The effect on some of the agencies for as long as the shutdown remains in place, according to an HHS contingency document:

• Centers for Medicare & Medicaid Services: CMS plans to continue large portions of ACA-related activities, including coordination between Medicaid and the exchanges. “In the short term,” according to HHS, Medicare “will continue largely without disruption during a lapse in appropriations." That means providers will continue to receive reimbursement as they normally would.

However, “fewer recertification and initial surveys for Medicare and Medicaid providers would be completed, putting beneficiaries at risk of quality-of-care deficiencies,” according to HHS.

• CDC: The agency plans to continue public health activities to stymie imminent health threats to U.S. citizens domestically and abroad. But for the duration of the government shutdown, the CDC would be unable to support the annual seasonal influenza program, outbreak detection and linking across state boundaries using genetic and molecular analysis, continuous updating of disease treatment and prevention recommendations (such as HIV,TB, STDs, hepatitis), and technical assistance, analysis and support to state and local partners for infectious disease surveillance.

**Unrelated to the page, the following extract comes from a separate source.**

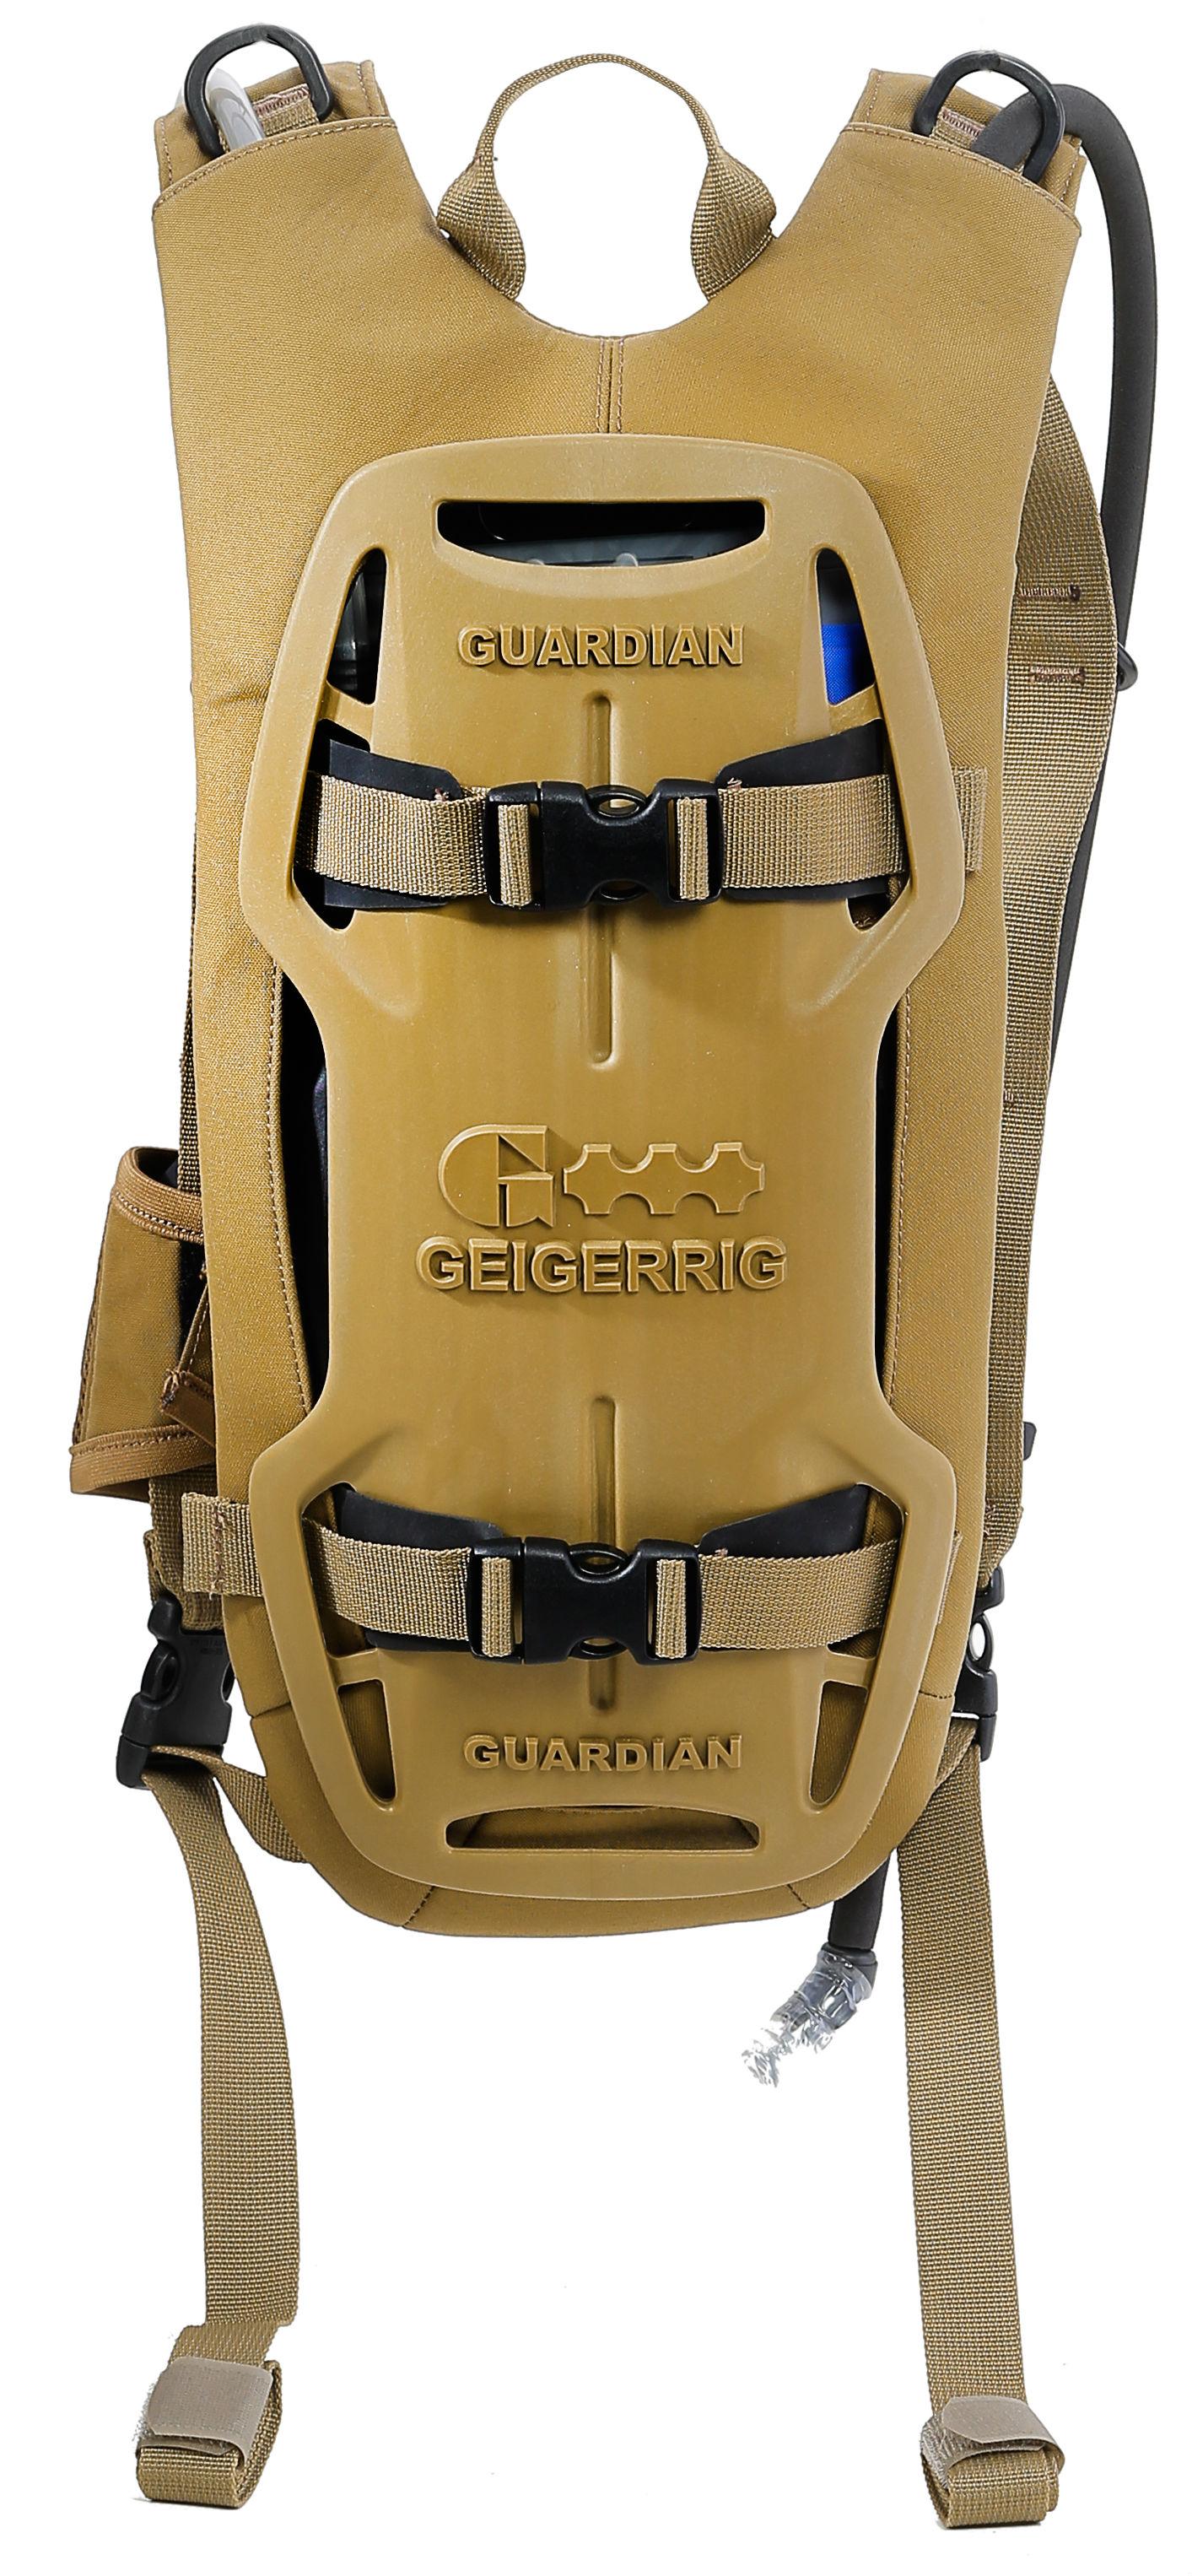 Geigerrig Guardian Rig

• Food and Drug Administration: The FDA plans to continue select vital activities, including maintaining critical consumer protection to handle emergencies, high-risk recalls, civil and criminal investigations, import entry review and other critical public health issues.

The agency will be unable to support the majority of its food safety, nutrition and cosmetics activities. It also will have to cease safety activities such as routine establishment inspections, some compliance and enforcement activities, monitoring of imports, notification programs (such as food contact substances, infant formula), and the majority of the laboratory research necessary to inform public health decision-making.

• Health Resources and Services Administration: HRSA will continue activities funded through sources other than annual appropriations: community health centers, the National Health Service Corps and the Maternal Infant and Child Health Home Visiting Program. Additionally, HRSA would continue the National Practitioner Databanks and Hansen’s Disease program.

• Substance Abuse and Mental Health Services Administration: SAMHSA will continue programs such as the disaster distress help-line, treatment locator, treatment referral line and suicide prevention lifeline using available grant balances.

• Agency for Healthcare Research and Quality: The agency will be unable to fund new grants and contracts related to health services research initiatives, including research on improving patient safety and reducing healthcare-associated infections.

• National Institutes of Health: The agency will continue patient care for current NIH clinical center patients, minimal support for ongoing protocols, animal care services to protect the health of NIH animals and minimal staff to safeguard NIH facilities and infrastructure. The agency will not admit new patients — unless deemed medically necessary by the NIH director — or initiate new protocols.